If samples show high pathogen counts after sanitation, it’s likely they are protected by a biofilm and not free-floating organisms. Areas where water hasn’t drained is another red flag, she said.

It’s key that food safety plans prevent conditions that favor the establishment and growth of biofilm.

“Establish and implement good cGMPs and sanitation control programs, consider an evaluation of the cleanability of equipment when conducting the hazard analysis, and develop cleaning programs that prevent biofilm formation,” the FDA spokeswoman said.

Methods to control biofilm
If biofilm is present in a food processing facility, there are a number of ways to attack the EPS and pathogens. Bob Forner, director of marketing for Hunt Valley, MD-based Sterilex, said methods carry varying degrees of success. Sterilex manufactures microbial control products that not only attack the pathogens in biofilm, but also the EPS structure. If the protective structure remains intact, pathogens can repopulate the biofilm within two days, Forner said.

Key ways to respond to biofilm in a food facility are:

  • Hand scrubbing: A soap/detergent can help break down the EPS, and elbow grease lifts the structure from the surface. This is very labor-intensive, and some areas are difficult to access for hand scrubbing, Forner said. Although the protective housing is attacked with hand scrubbing, an Environmental Protection Agency-registered sanitizer is necessary to kill the microorganisms housed in the structure.
  • Heat: An autoclave-type treatment, heating a surface to at least 265 degrees Fahrenheit, is effective. This requires a significant use of energy, and many materials and equipment in a food facility cannot be heated to the necessary temperature, Forner said.
  • Chemical oxidation: Oxidizing sanitizers and disinfectants fall into two categories, according to Sterilex. EPS-reactive oxidizers such as bleach, iodine and ozone are harsher on equipment and do not fully penetrate the biofilm structure, and EPS-penetrating oxidizers pass through the biofilm layers to kill pathogens. They are unable to kill both the EPS and the pathogens, he said.
  • Biofilm agents: Sterilex’s PerQuat technology is EPA-approved to kill biofilm organisms and remove the biofilm from surfaces.

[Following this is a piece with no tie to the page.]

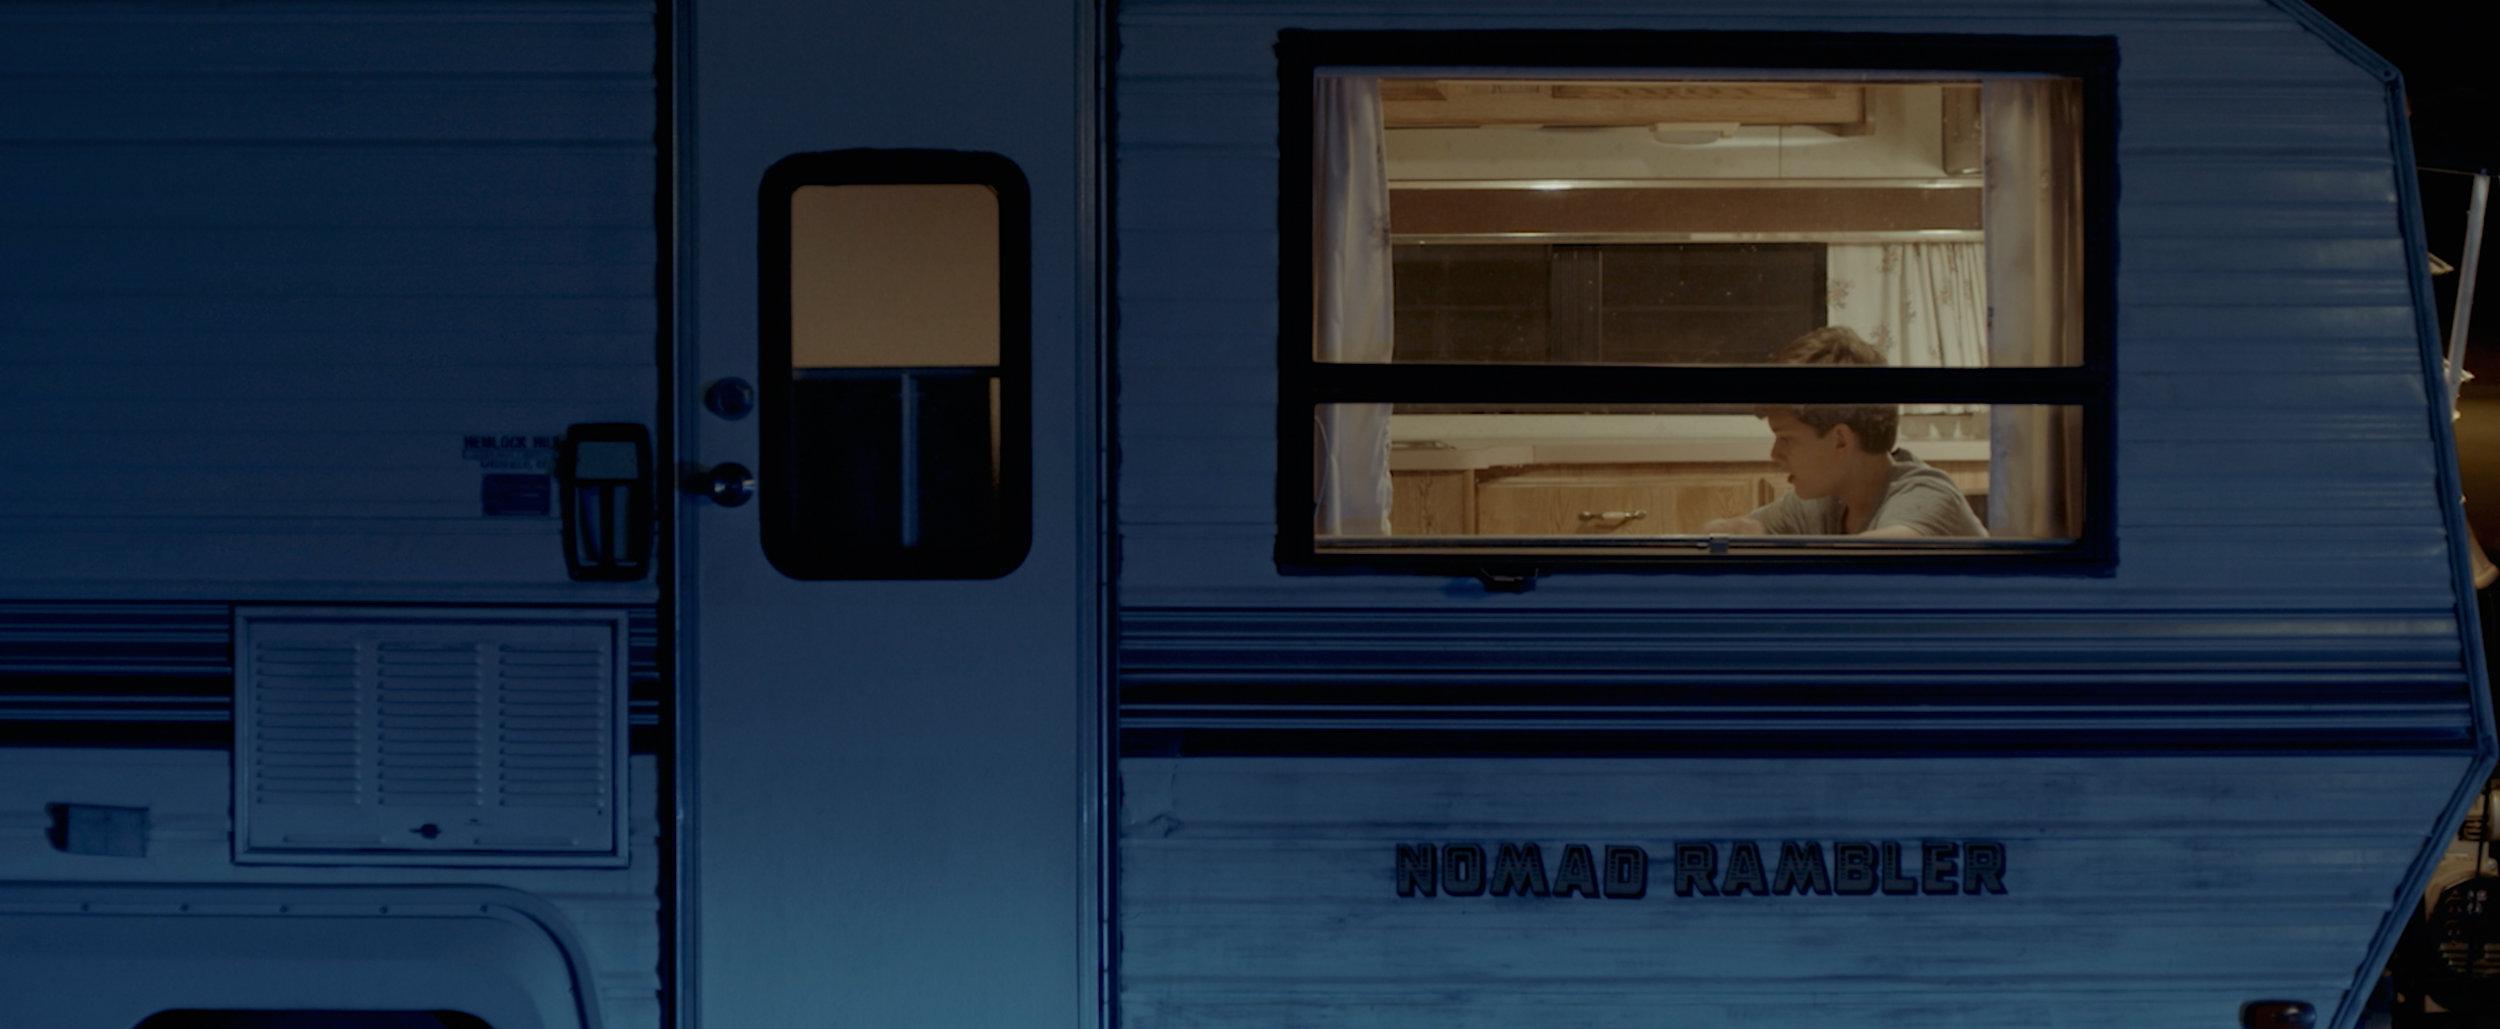 Nomad Rambler - dir. Ryan Cook

The patented chemistry combines an oxidizer, hydrogen peroxide, and a phase transfer catalyst, quaternary ammonium, to penetrate the biofilm and release the peroxide to kill organisms inside.
  • Maintenance/Prevention: Although the Food Safety Modernization Act, enacted more than 10 years ago, doesn’t address biofilms, regulations are designed to focus on preventing conditions that could lead to foodborne illness outbreaks caused by pathogens in them.

“FSMA focuses on control of hazards and biofilms that may contain pathogens would be addressed through sanitation preventive controls that are required in many food safety plans, as well as the cGMPs,” the FDA spokeswoman said.

A combination of these steps is the most effective way to address biofilm in a food facility, Forner said.

“Hand scrubbing and maintenance programs are a part of just about every food processing master sanitation plan,” Forner said. “Combing these methods with the appropriate EPA registered chemistry is a powerful way to keep biofilm out of the food processing facility.”